*** Information supplied ***
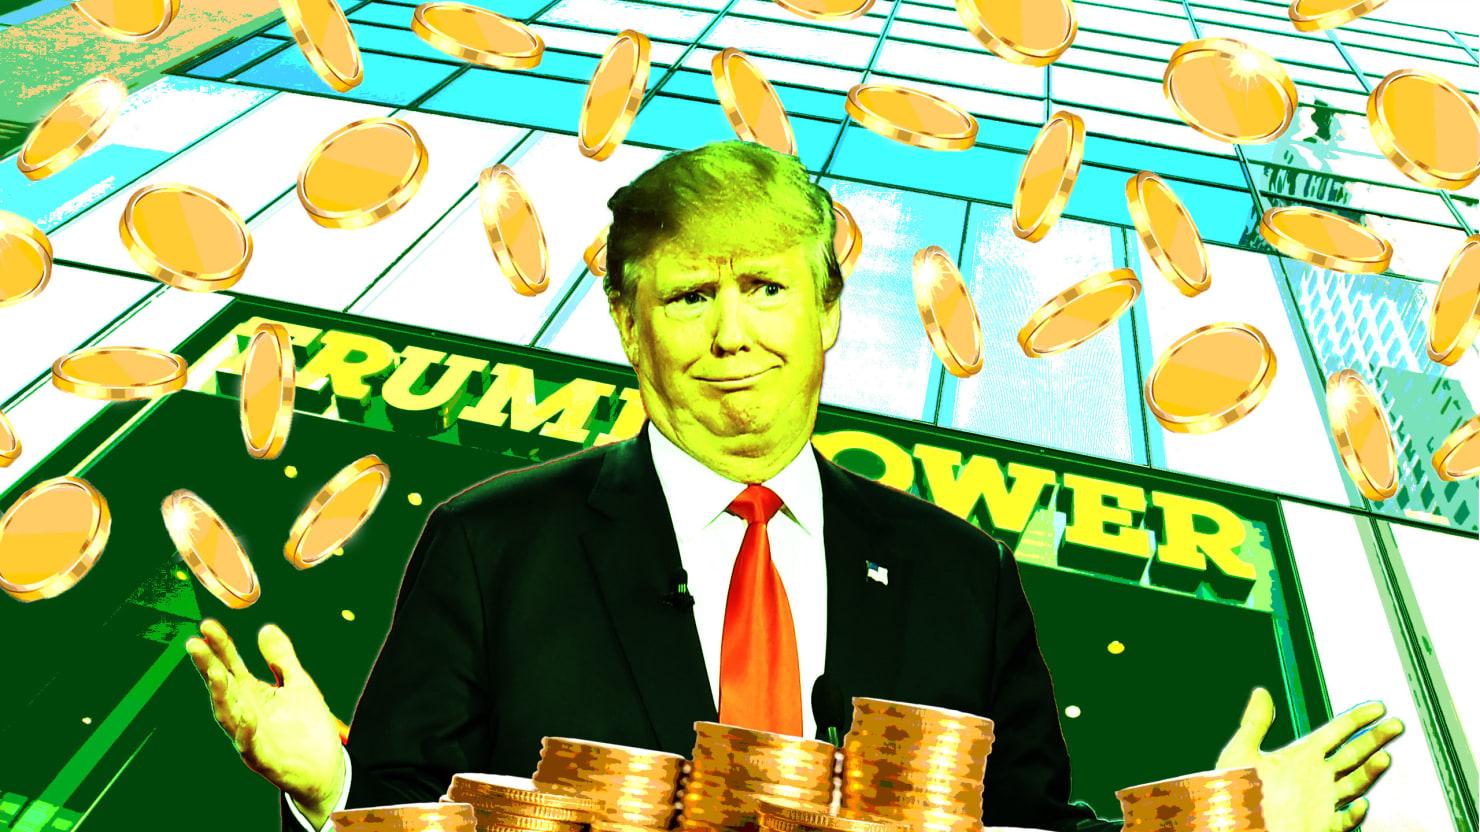 Donald Trump's Campaign Paid $11 Million to Trump Businesses
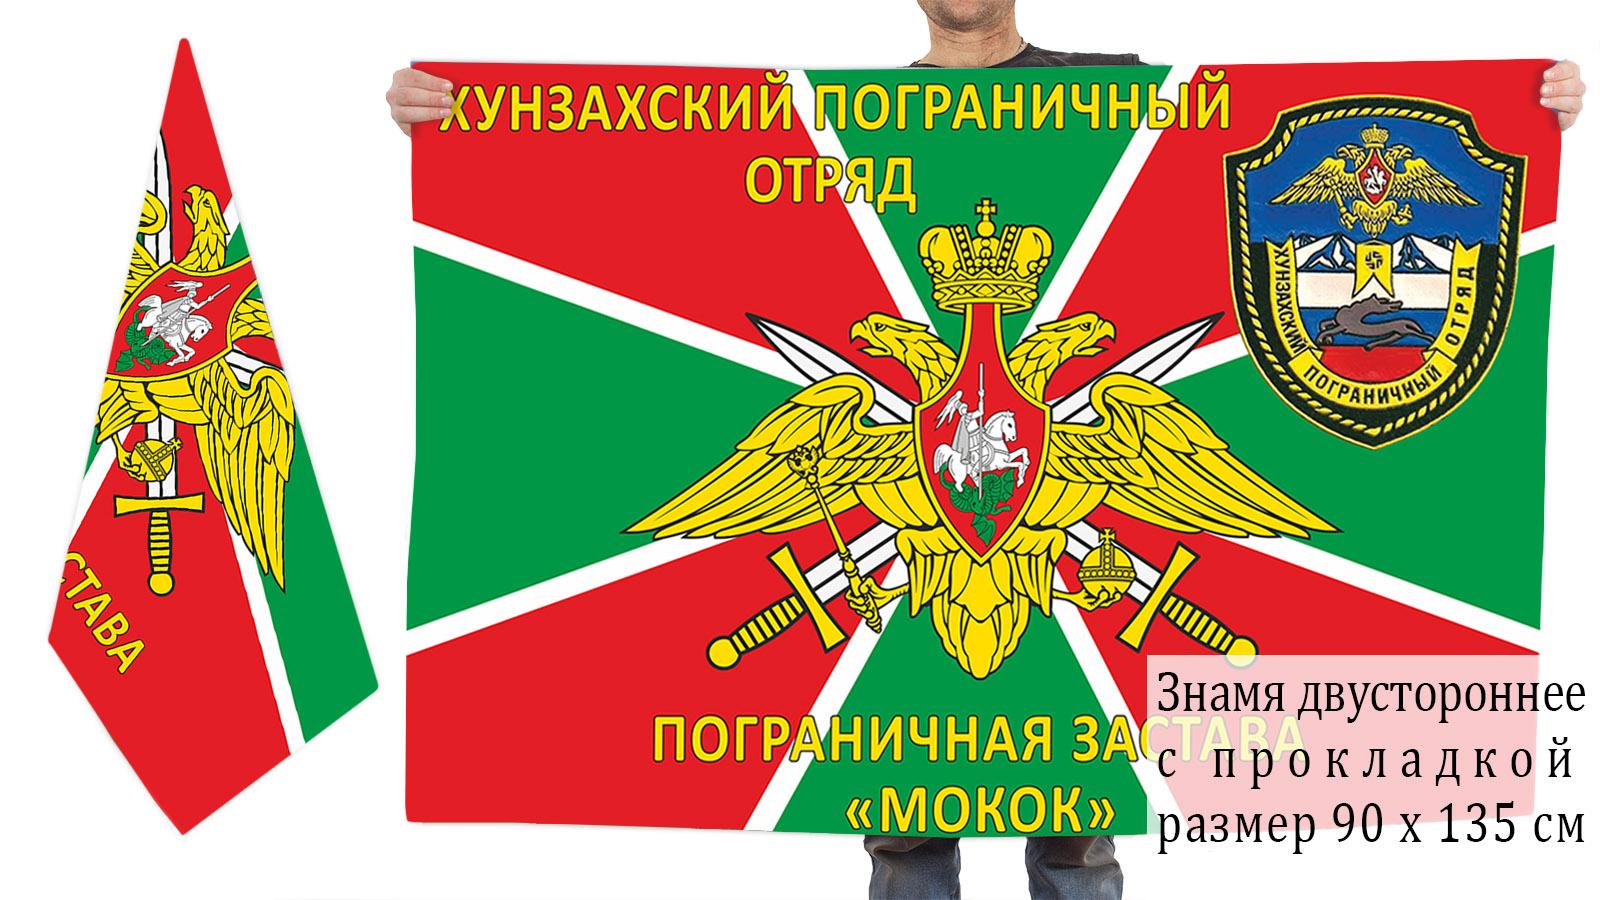 Двусторонний флаг Хунзахского пограничного отряда
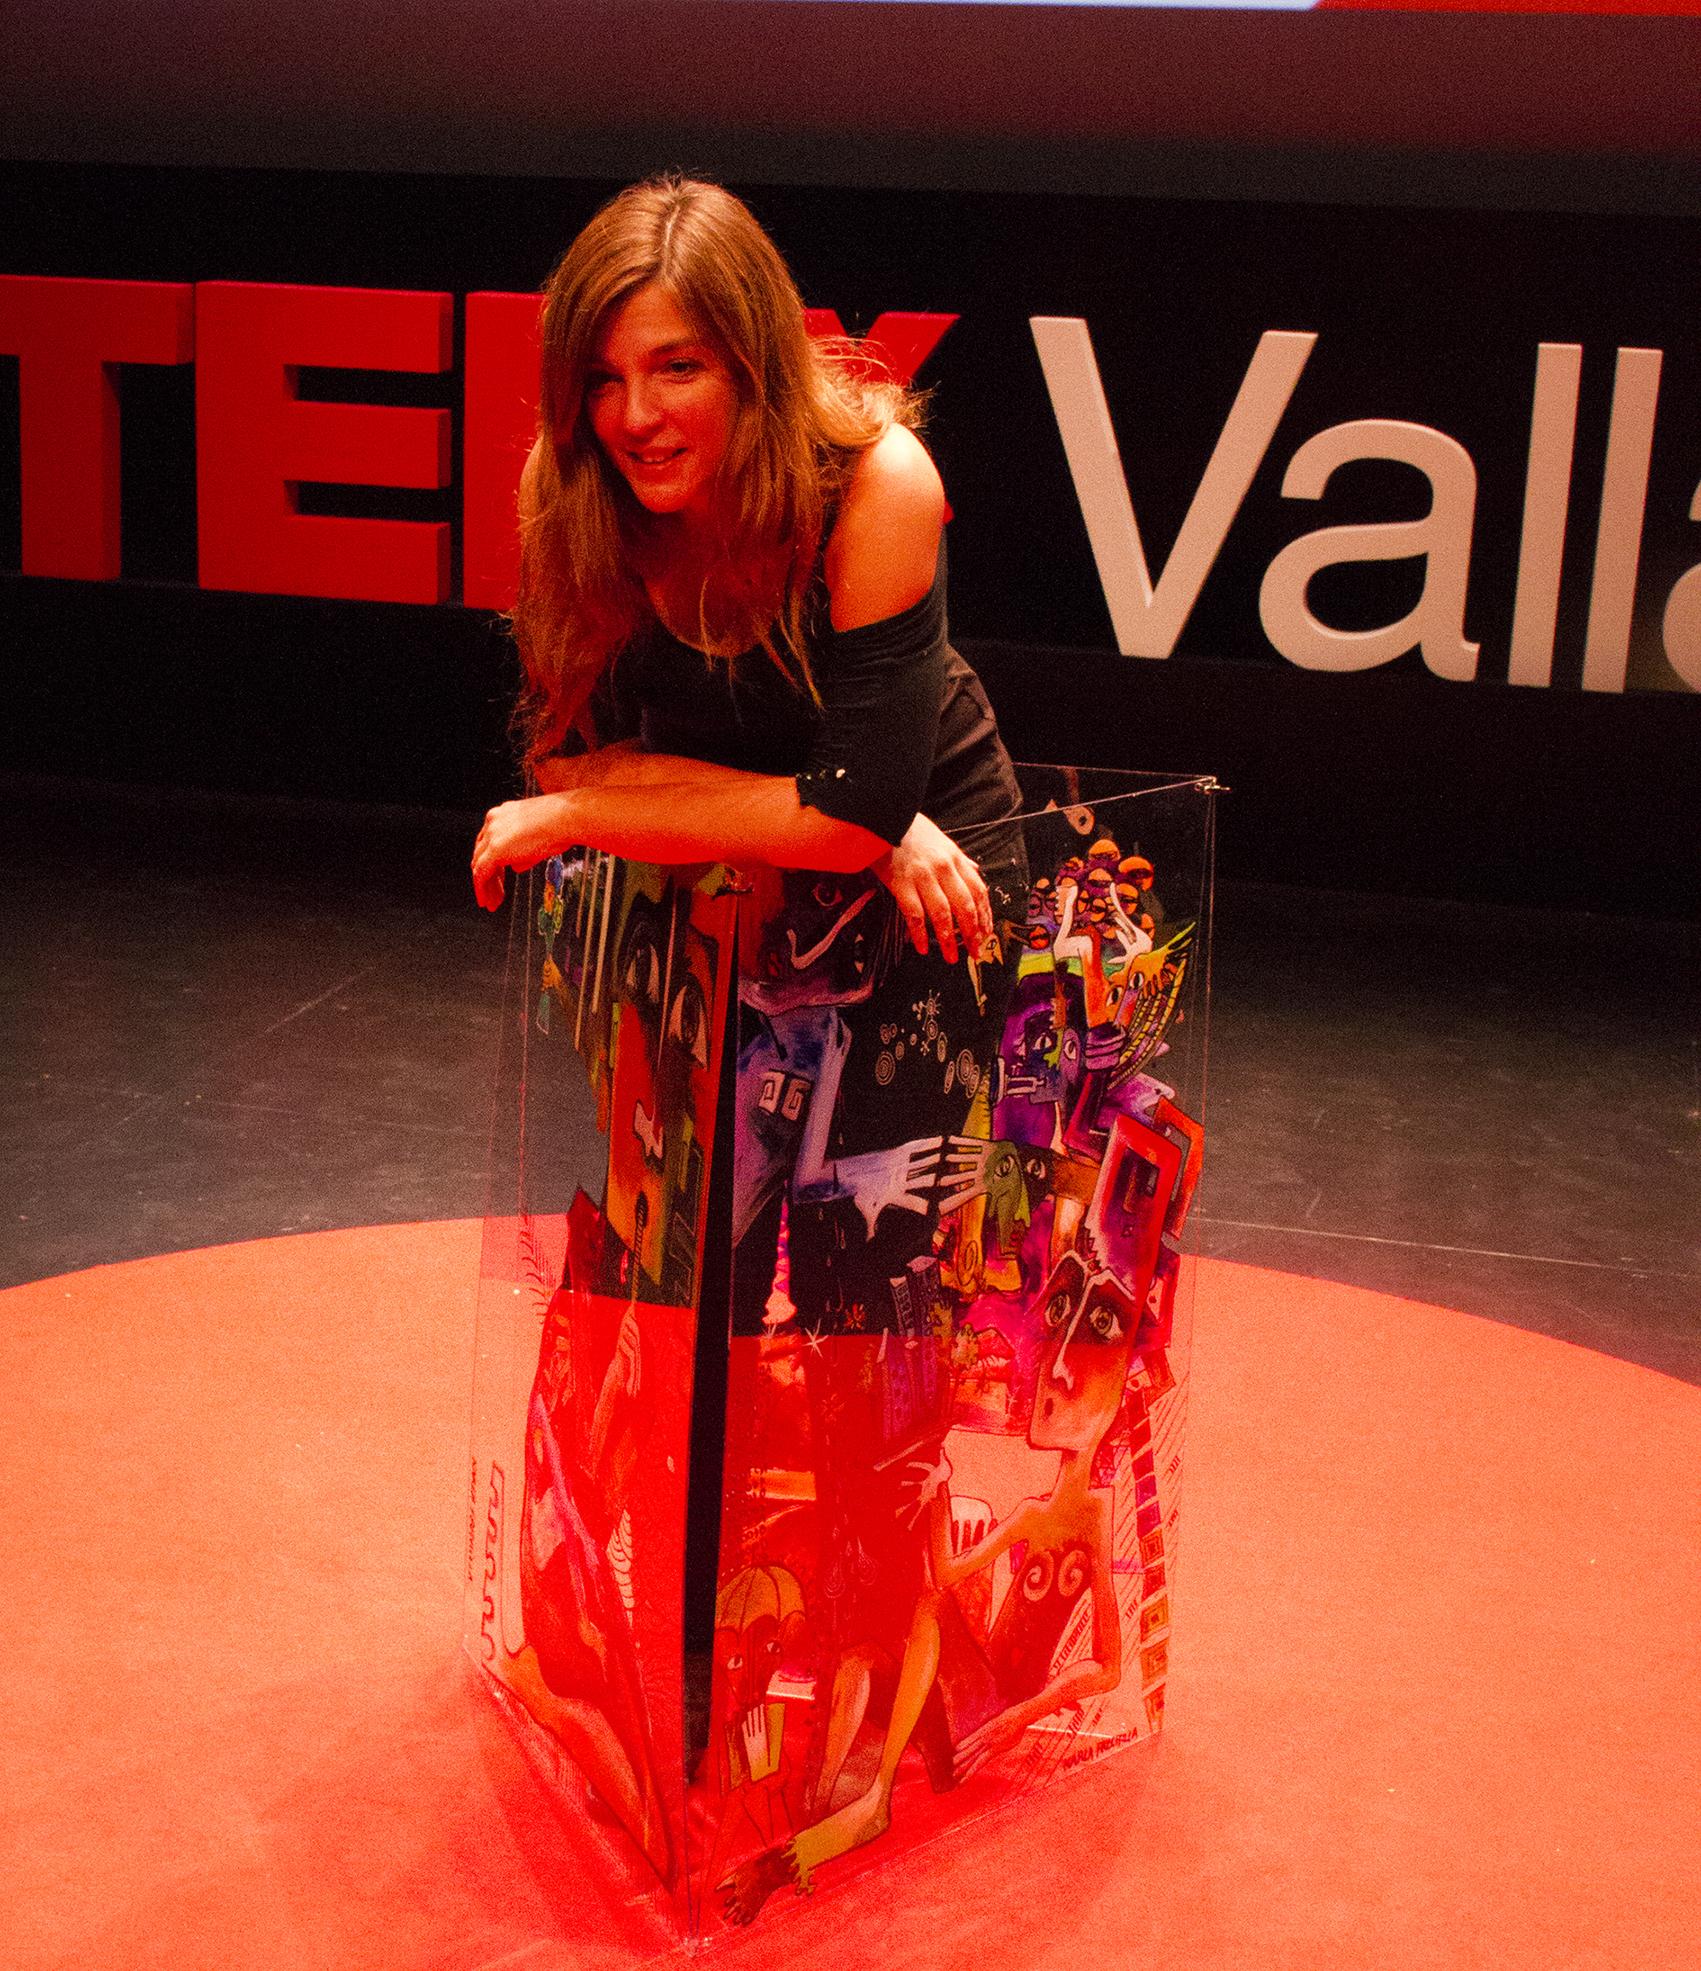 TEDX Valladolid. Karla Frechilla
*** End of Information supplied ***
# [Work item]
The expected output is the full material above, word for word, without pictures.

# [Task answer]
 Donald Trump's Campaign Paid $11 Million to Trump Businesses
 Двусторонний флаг Хунзахского пограничного отряда
 TEDX Valladolid. Karla Frechilla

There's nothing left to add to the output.